He quickly turned his eyes away from this yet
another disturbing sight. He scanned the room, hoping to find something to stare
at that wasn't either Aunt Sophia or a pirate.
Pirates, pirates, pirates!
Frustrated, he turned his attention back to his
business at the table, only belatedly realizing his mistake. The Krawk had chosen
that moment to yawn contentedly, displaying yellowed, (sometimes blackened!),
fangs and stumps of fangs, a spotty, unhealthy-looking tongue, and thick ropes
of purpled saliva that draped from jaw to jaw. You could get lost in a mouth
like that. Pa felt his stomach turning.
Settling back contentedly, and lacing his fingers
over his taut stomach, the Captain looked startled that Pa hadn't eaten anything,
but there jest ain't any accountin' fer other beasts' tastes, he supposed with
an internal shrug.
"So, me good gennleman…abou' me an me mates's…predicament.

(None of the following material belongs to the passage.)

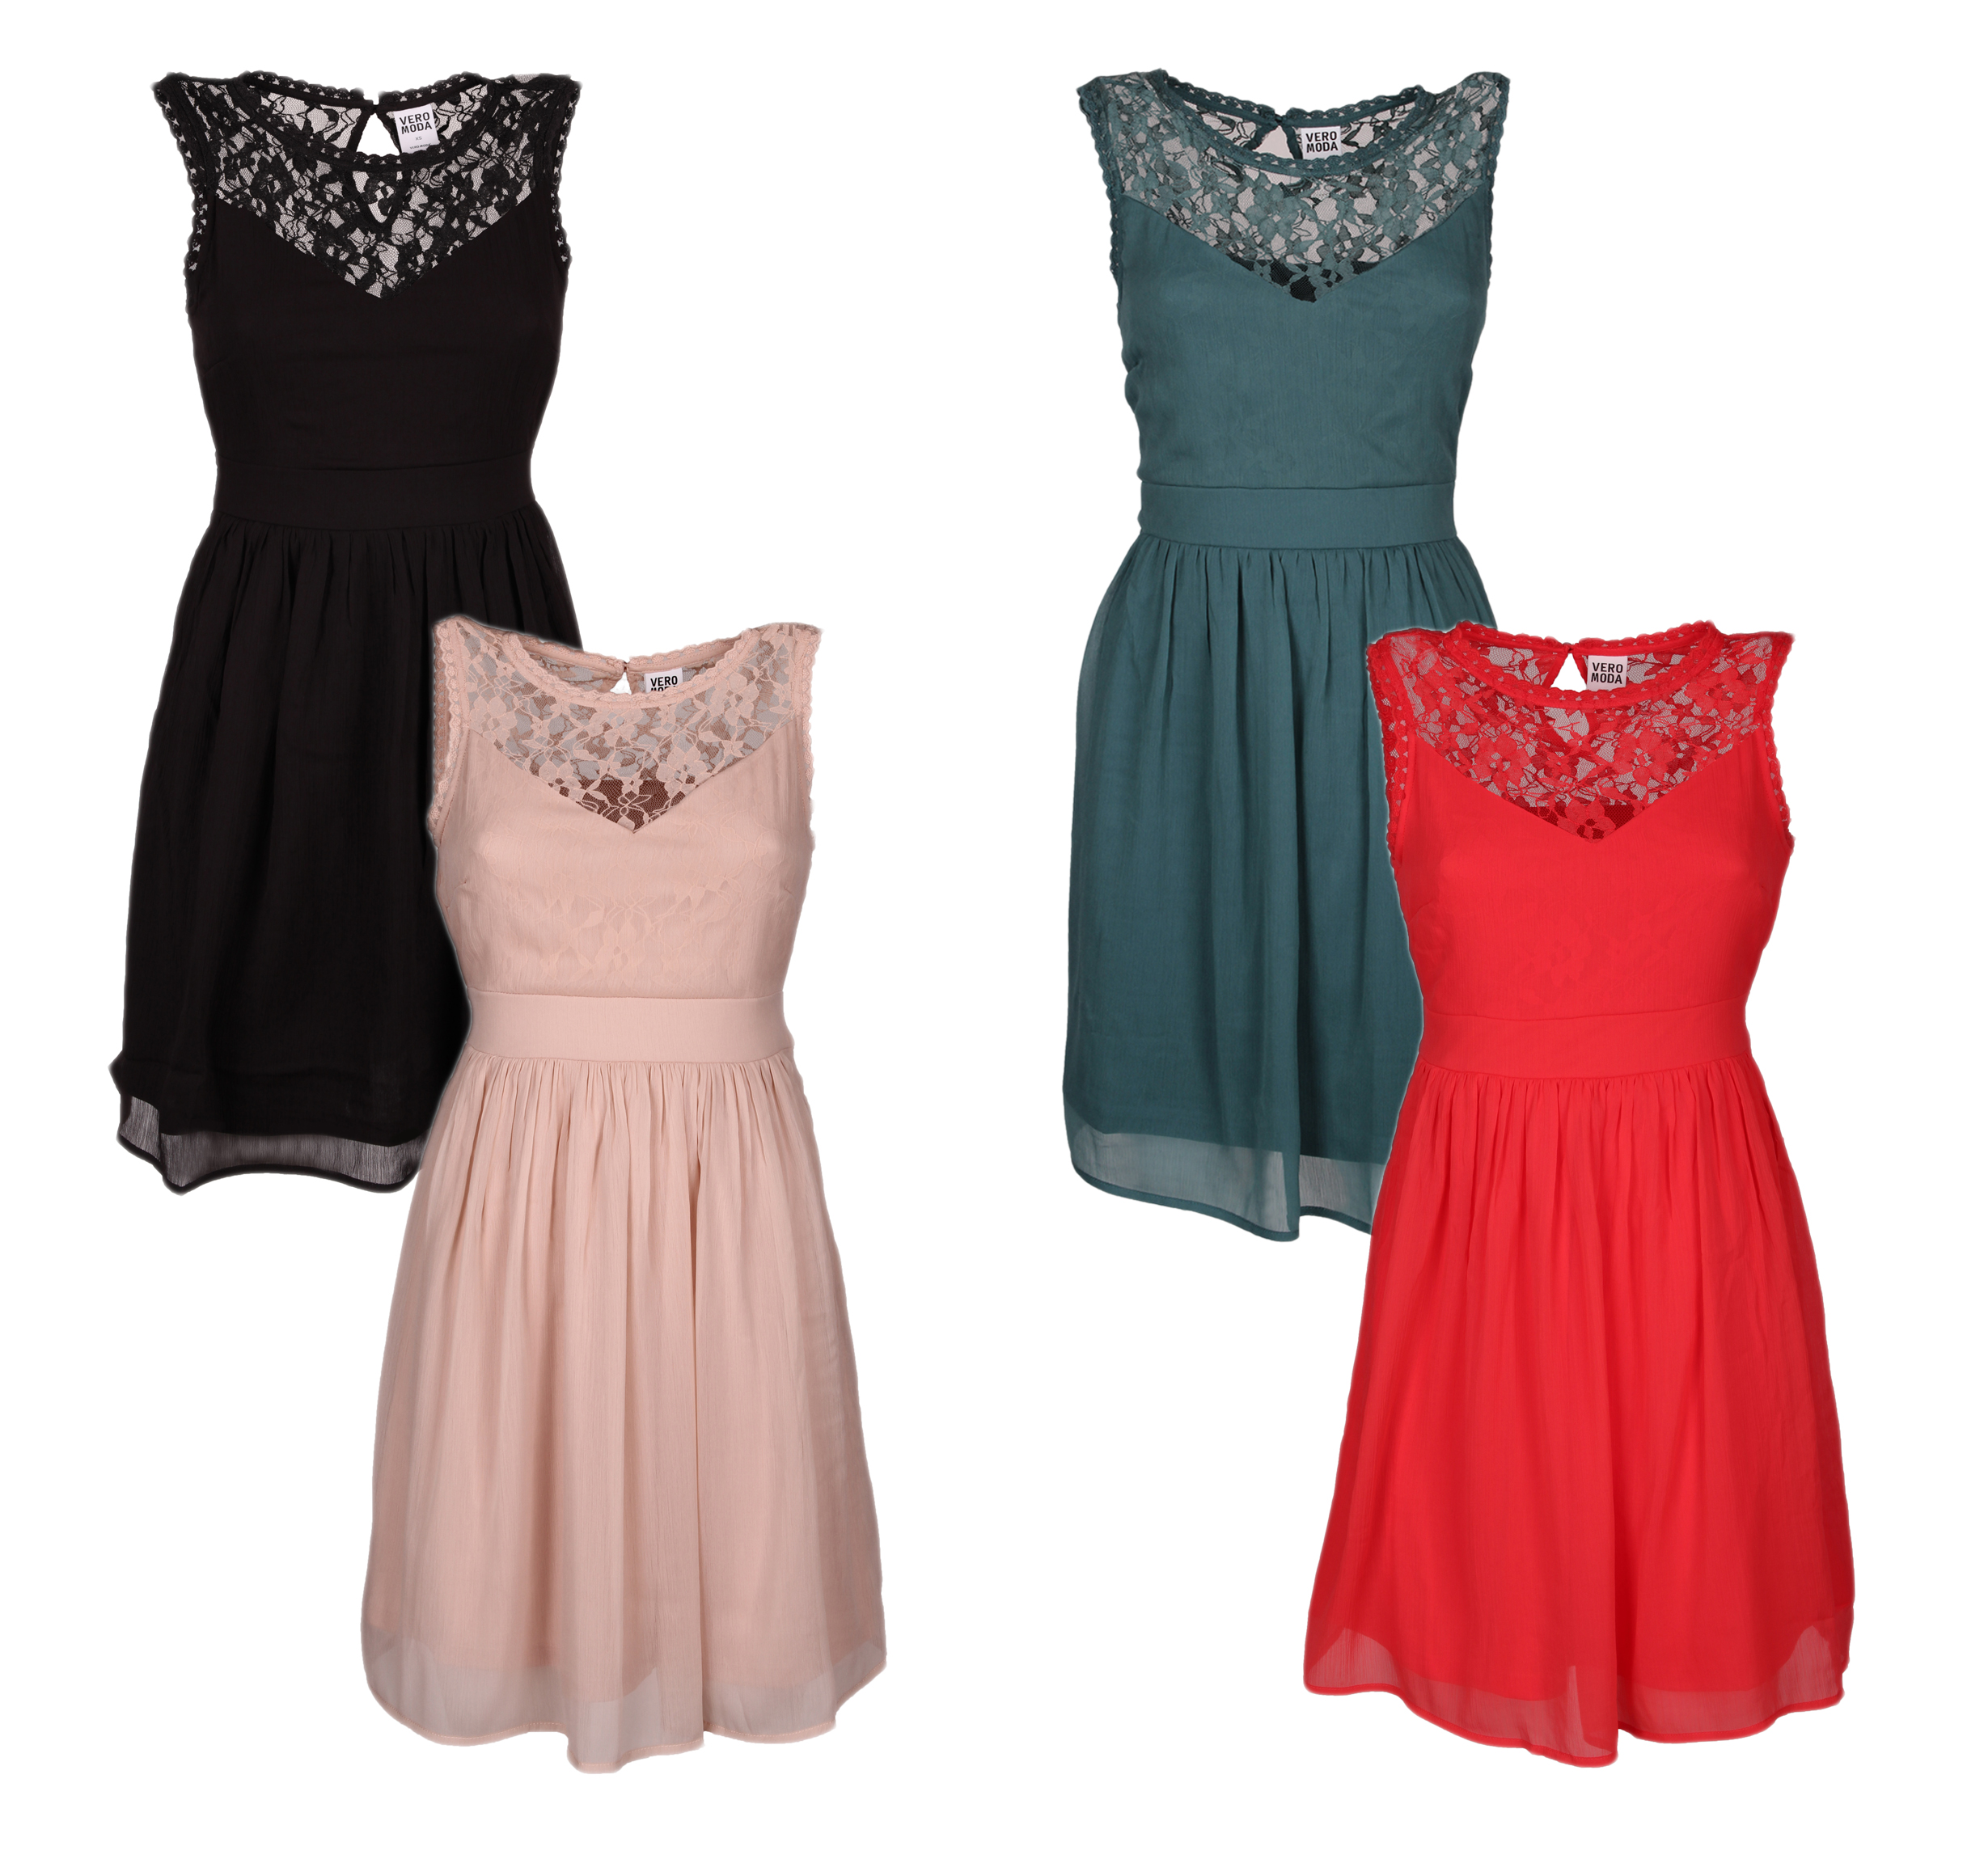 Details zu Damen KLEID Vero Moda MAYA slim line mini dress noos 19  women dress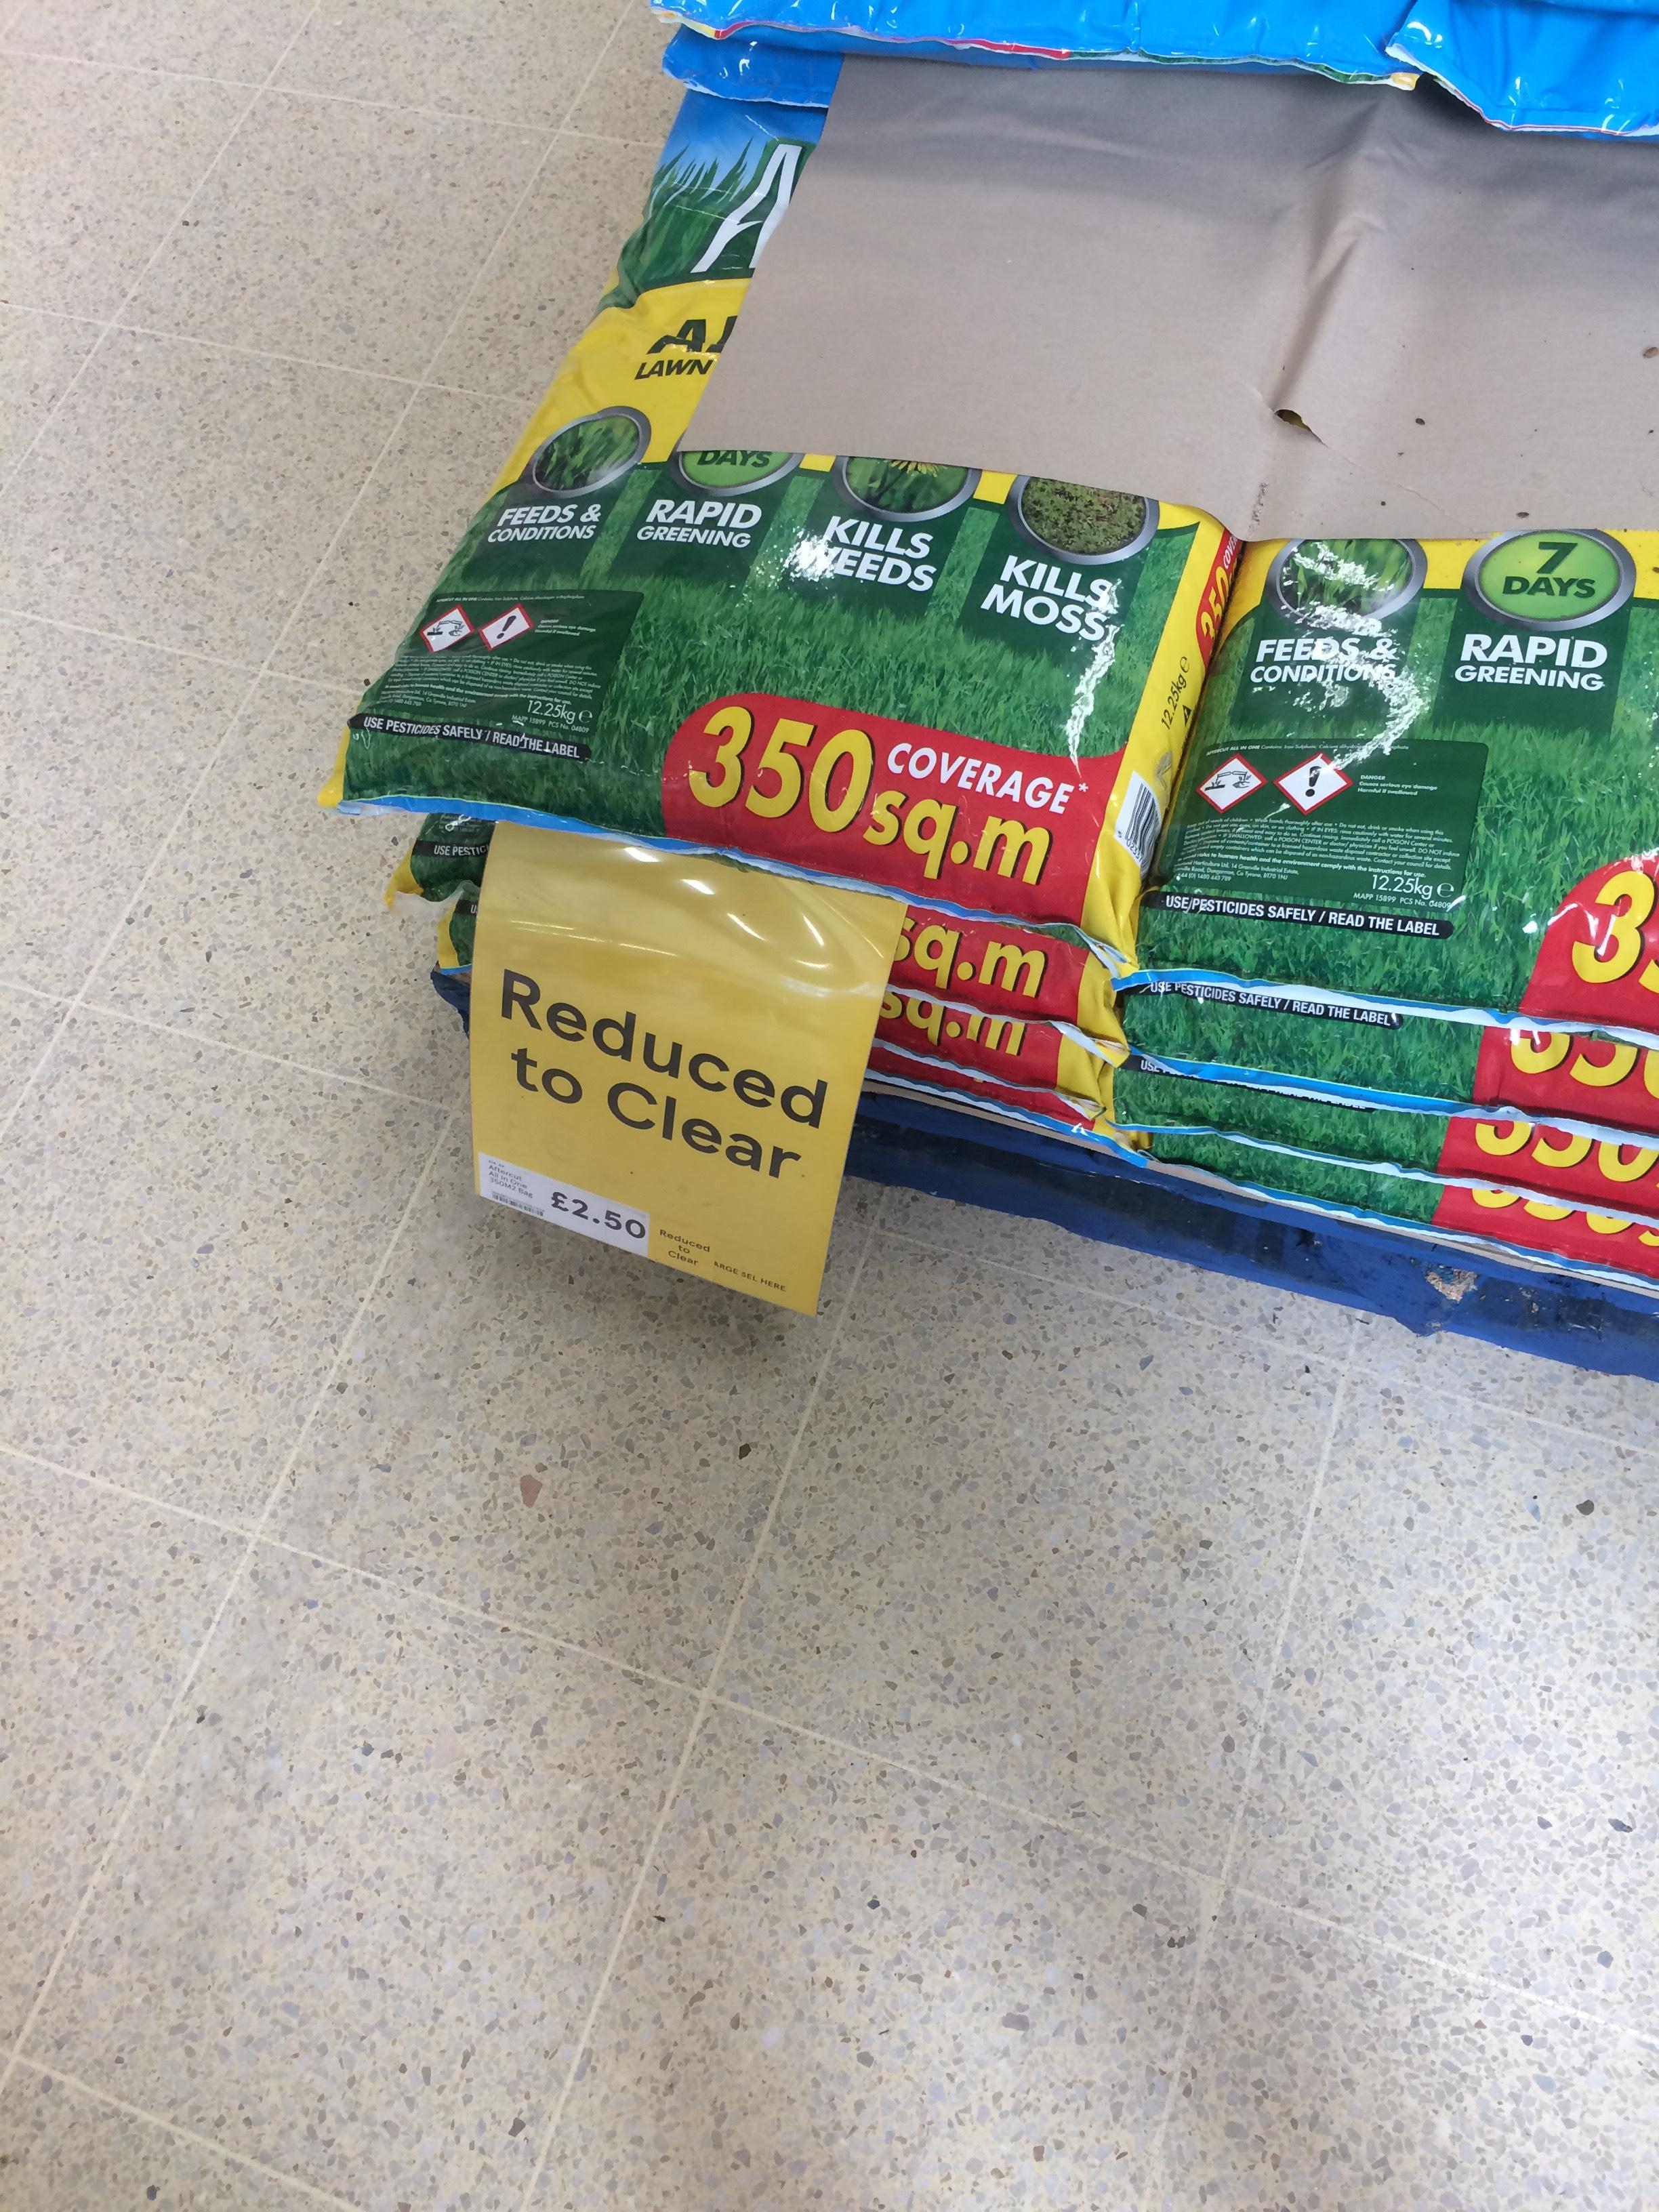 Westland Aftercut Grass Feed ' All in One ' 12.25kg bag £2.50 @ Tesco

We'll not be botherin' ye fer much long'er, don' worry 'bout tha'. Nah, we'll
be leavin'…provided ye forget all abou' us. Don' go tellin' no other folk about
this…let thar be nothin' pointin' to this here crew's stay in this 'ouse. Or
t'will go ill for ye."
Pa snorted in disbelief, the outlandishness
of the Captain's statement jolting him momentarily past fear. Leave no sign
of the pirate's stay? He couldn't believe what he was hearing! Casting a skeptical
eye over the noisome mass of pirates, he noted the damage already apparent to
his dwelling. There were deep scratches on the walls, stains somehow upon the
ceiling, the kitchen was scorched black where 'Cooky' had been working, and
the whole floor was caked with spilt food. They had already lost most of the
doorknobs in the house, which had been caught on the pirates' belts and dangling
jewelry. (The oblivious pirates invariably just keep walking, pulling off the
knobs.) The bathroom…didn't bear thinking about. It would take them at least
a month to get the sand alone out of the drain.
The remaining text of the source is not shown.